• Supplied information:
______

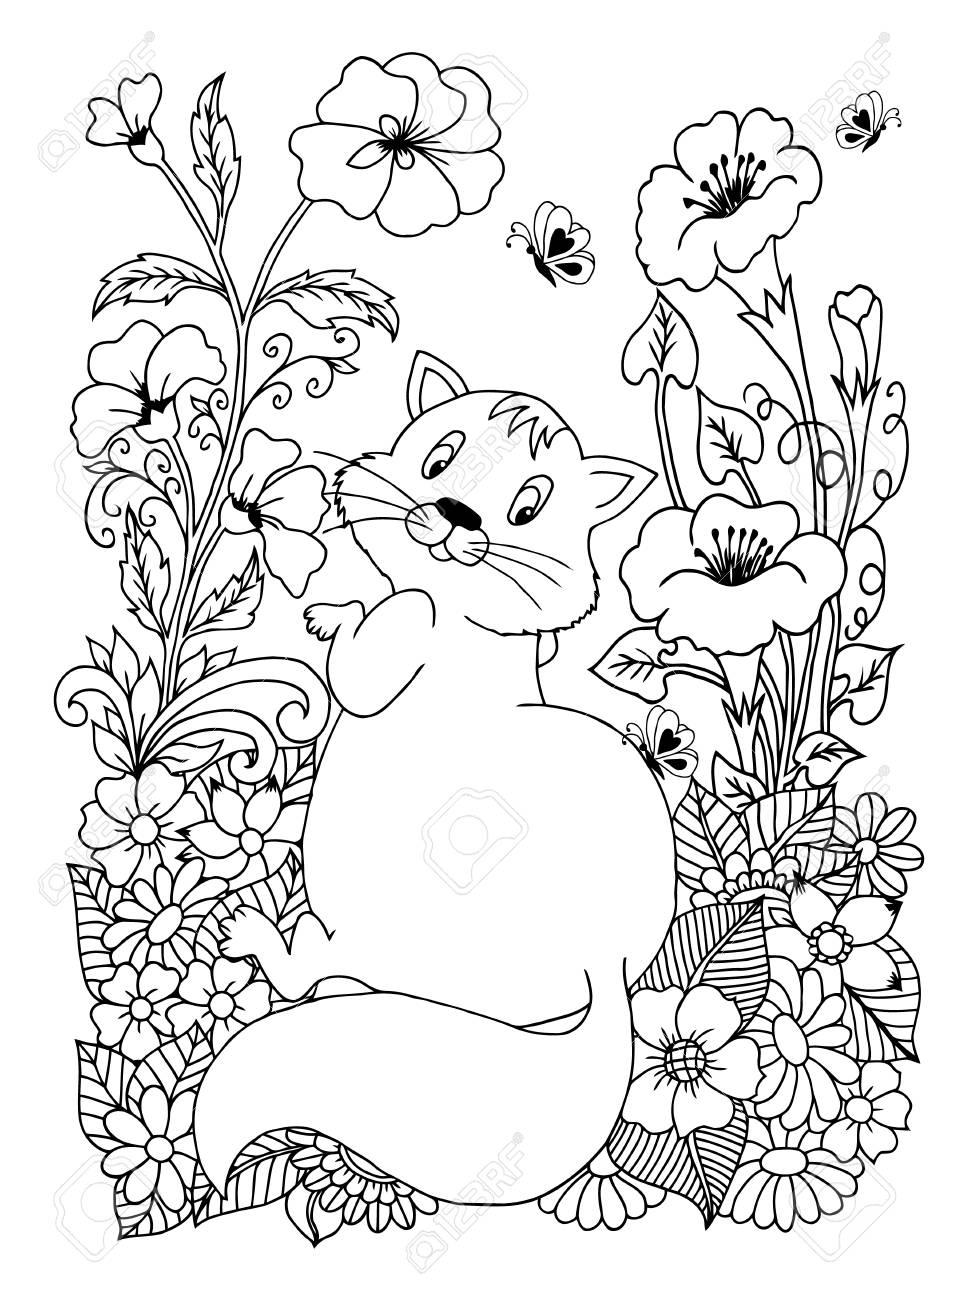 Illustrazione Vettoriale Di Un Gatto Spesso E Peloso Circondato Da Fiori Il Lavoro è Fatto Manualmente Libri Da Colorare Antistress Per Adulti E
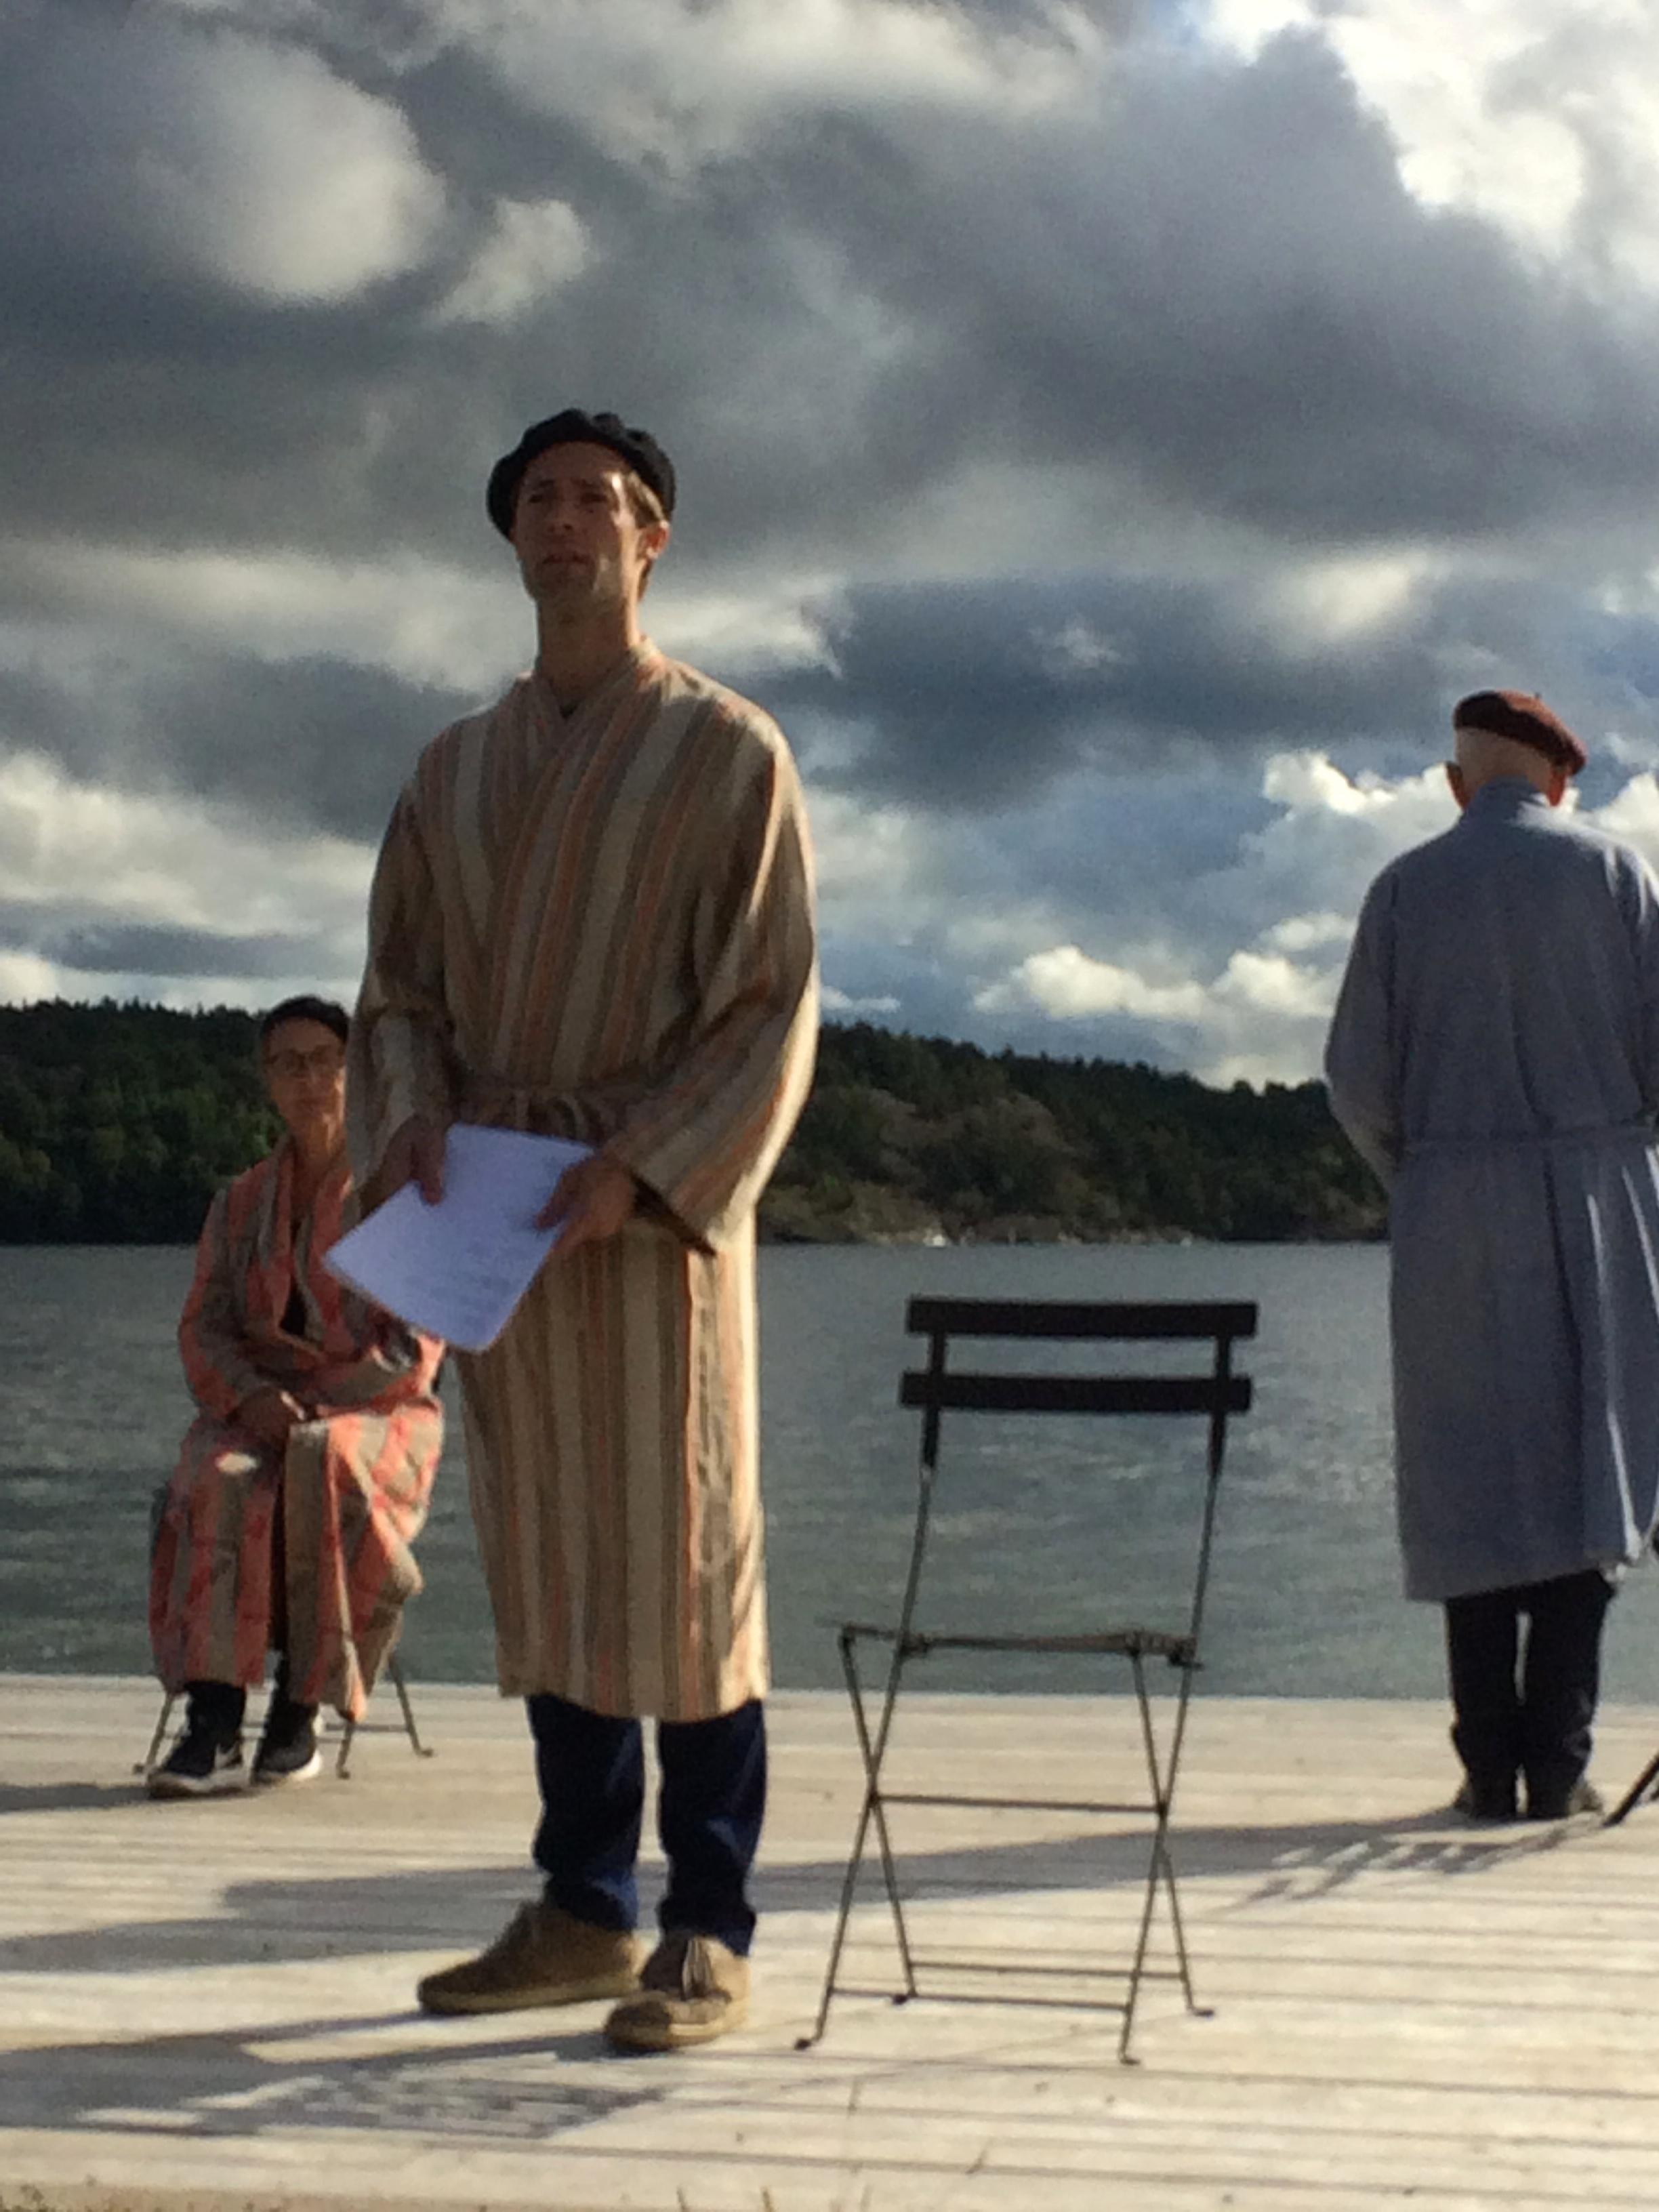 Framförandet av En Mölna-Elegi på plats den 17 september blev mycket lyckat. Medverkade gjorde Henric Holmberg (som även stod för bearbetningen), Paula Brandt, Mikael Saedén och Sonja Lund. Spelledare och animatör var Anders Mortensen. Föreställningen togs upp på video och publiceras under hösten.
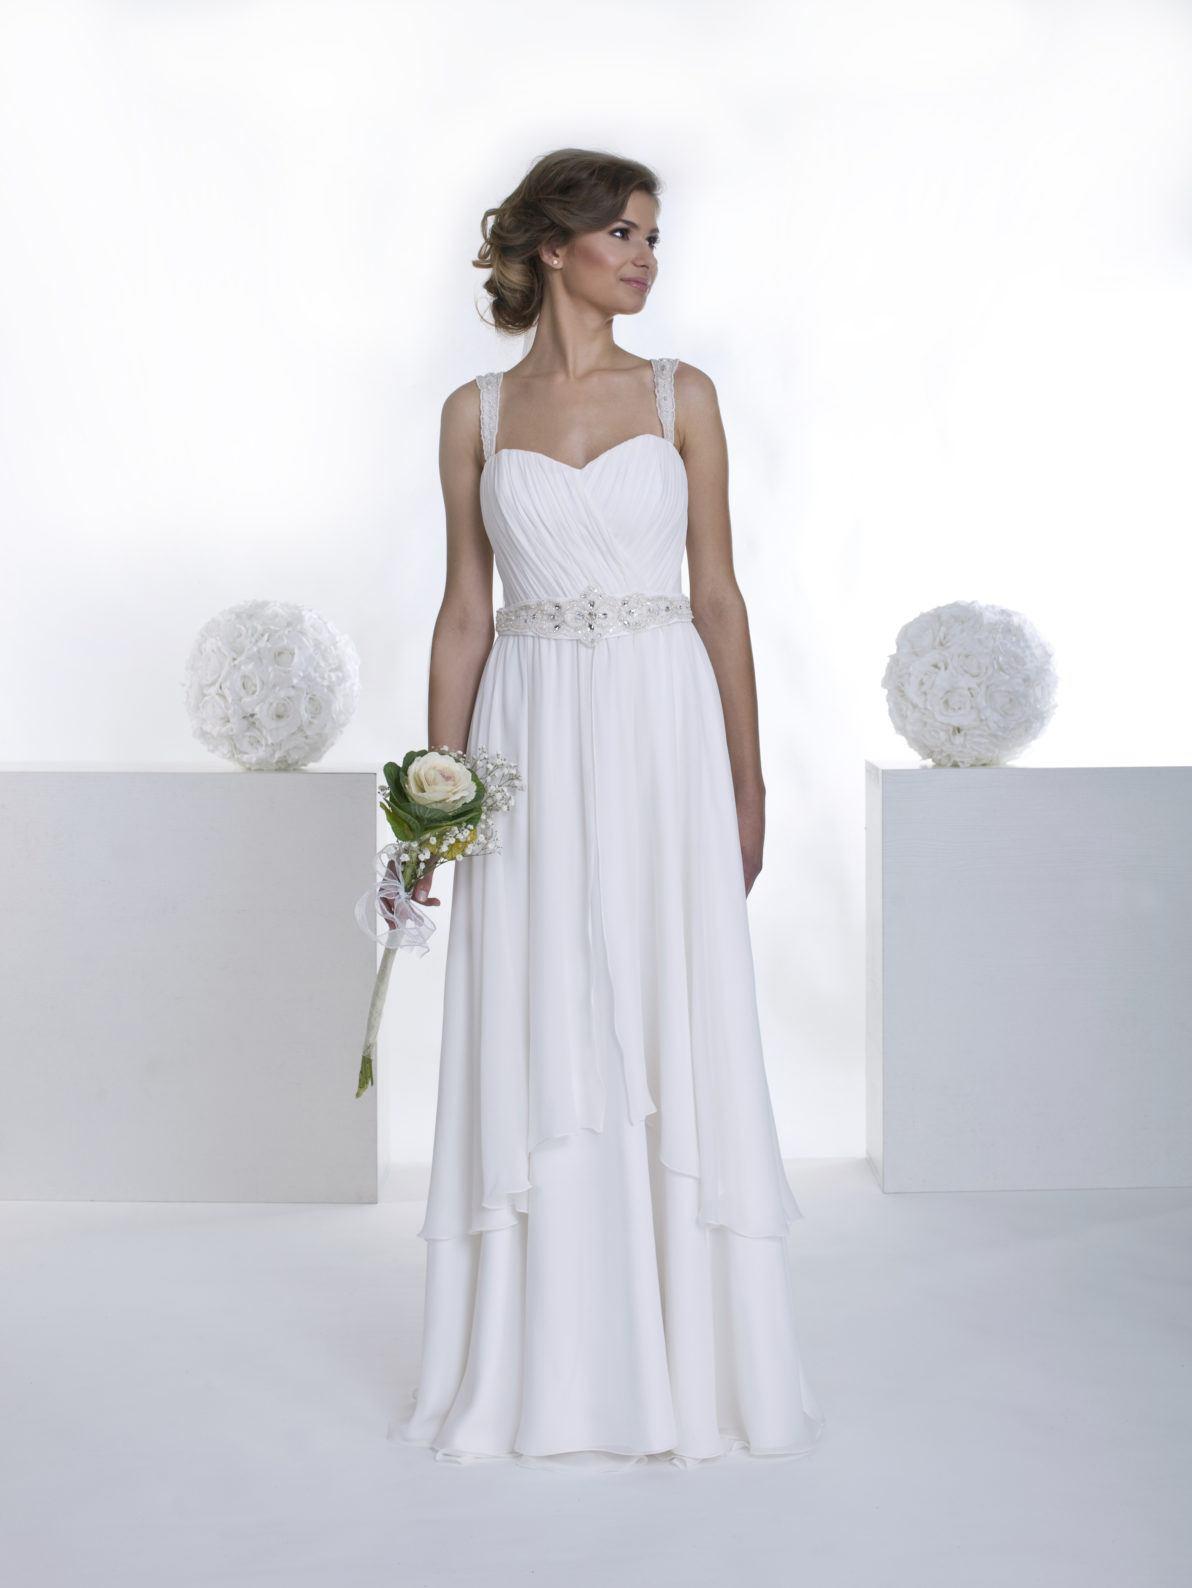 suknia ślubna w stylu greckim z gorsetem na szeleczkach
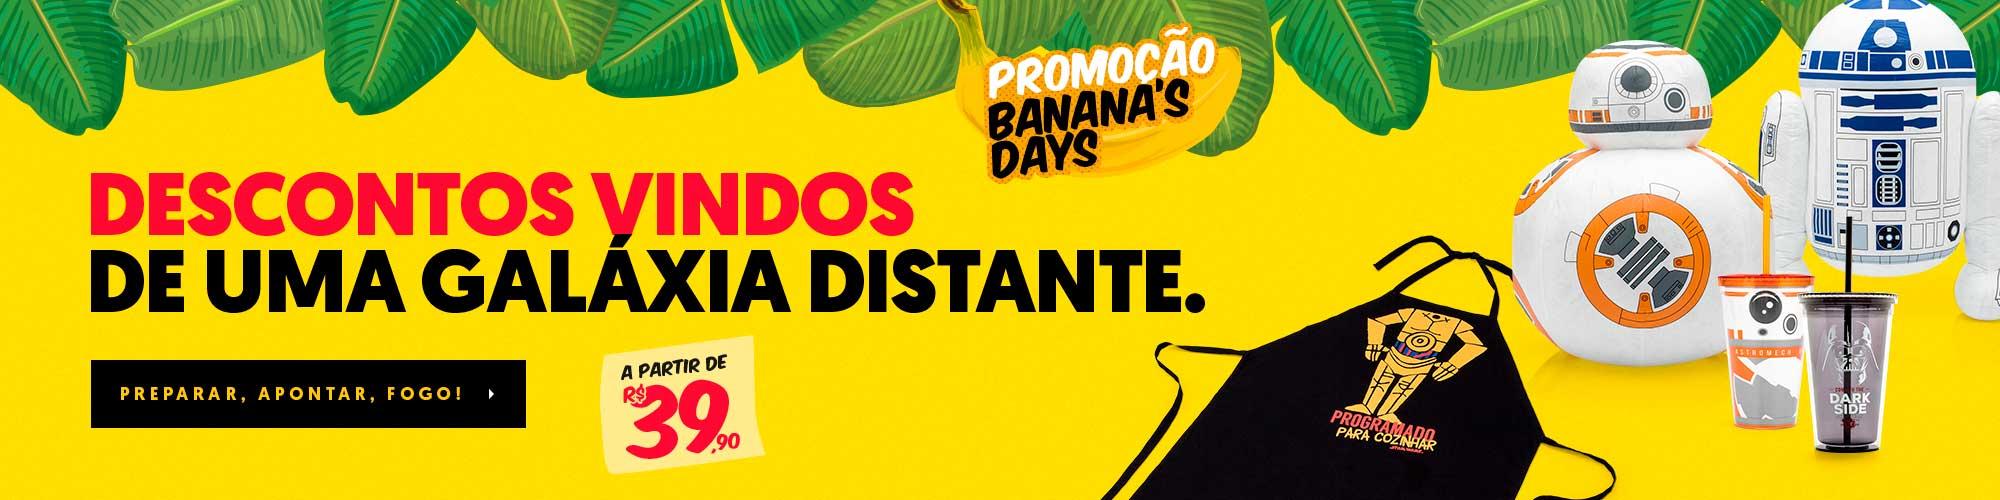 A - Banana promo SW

______

• Prompt:
Nothing but an exact transcription of the material, without pictures, should be returned.

• Response to this task:
 Illustrazione Vettoriale Di Un Gatto Spesso E Peloso Circondato Da Fiori Il Lavoro è Fatto Manualmente Libri Da Colorare Antistress Per Adulti E
 Framförandet av En Mölna-Elegi på plats den 17 september blev mycket lyckat. Medverkade gjorde Henric Holmberg (som även stod för bearbetningen), Paula Brandt, Mikael Saedén och Sonja Lund. Spelledare och animatör var Anders Mortensen. Föreställningen togs upp på video och publiceras under hösten.
 suknia ślubna w stylu greckim z gorsetem na szeleczkach
 A - Banana promo SW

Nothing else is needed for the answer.